Systemic lupus erythematosus (SLE) is an atopic autoimmune disease involving multiple factors including genetics, sex hormones, environment, and infection, with clinical manifestations of systemic involvement of various systems and organs, as well as the presence of large amounts of autoantibodies in the serum.
Currently, there are several hypotheses for the pathogenesis of lupus, but there is increasing evidence that environmental stimuli and infections induce exposure to autoantigens in a genetic background of peripheral immunodeficiency, along with increased secretion of interferon by plasmacytoid dendritic cells, resulting in increased presentation of antigens by immune cells and decreased negative feedback regulation by T lymphocytes, leading to slowed formation and clearance of immune complexes, leading to pathogenesis.
The main pathological changes of SLE are inflammatory reaction and vascular abnormalities, which can appear in any organ of the body. The basic pathological changes include: (1) fibrin-like degeneration of connective tissue: it is caused by the deposition of eosinophilic material composed of immune complexes and fibrin in connective tissue. (2) Necrotizing vasculitis: inflammation and necrosis of the vessel walls of medium and small vessels due to the deposition of immune complexes or direct antibody attack, with secondary thrombosis narrowing the lumen, leading to local tissue ischemia and dysfunction.

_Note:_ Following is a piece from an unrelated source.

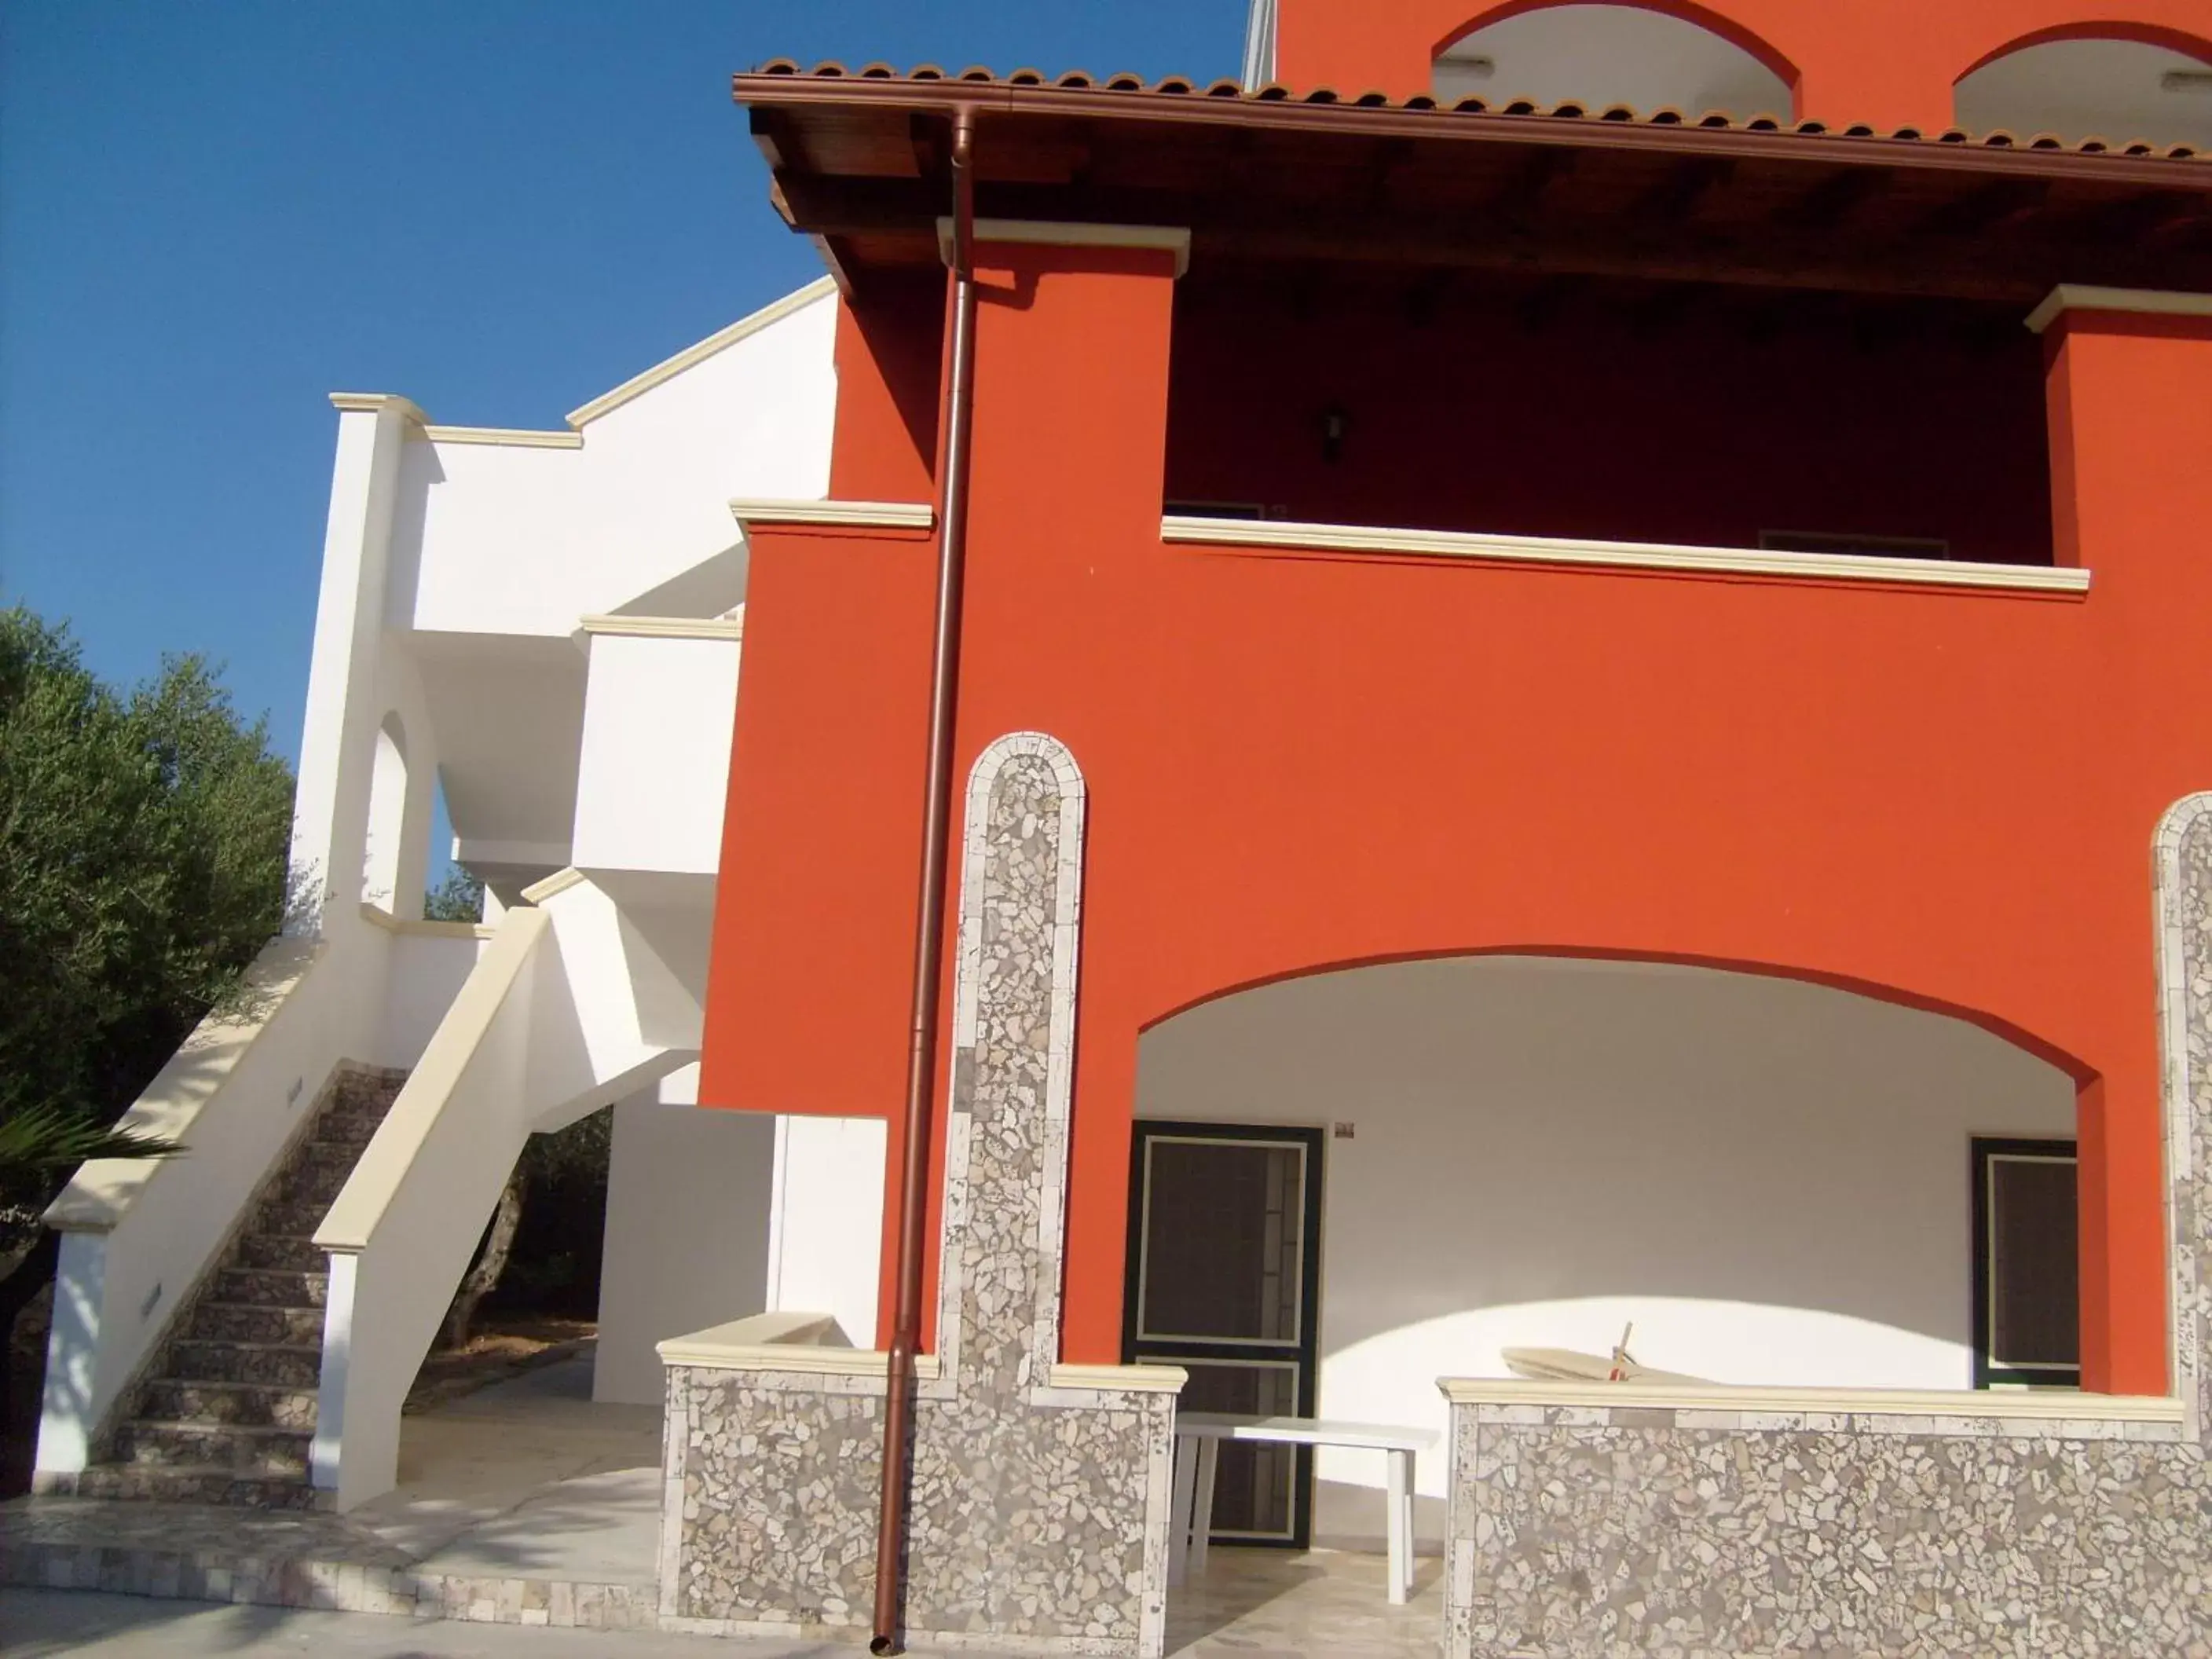 Facade/entrance, Property Building in B&B La Seta Rossa

SLE is an autoimmune disease that affects all systems of the body, and its clinical manifestations are complex and diverse, varying widely from patient to patient. Common clinical manifestations include.
Systemic symptoms: fever, fatigue, malaise, weight loss, etc.
Skin and mucous membrane manifestations: butterfly erythema (characteristic), discoid erythema, polymorphic erythema, subacute skin damage, etc.; oral ulcers, nasal ulcers, etc.; photosensitivity, hair loss, etc.
Joint muscles: often symmetrical multi-joint pain and swelling, which may be accompanied by morning stiffness; myalgia and pressure pain in the proximal muscles of the extremities.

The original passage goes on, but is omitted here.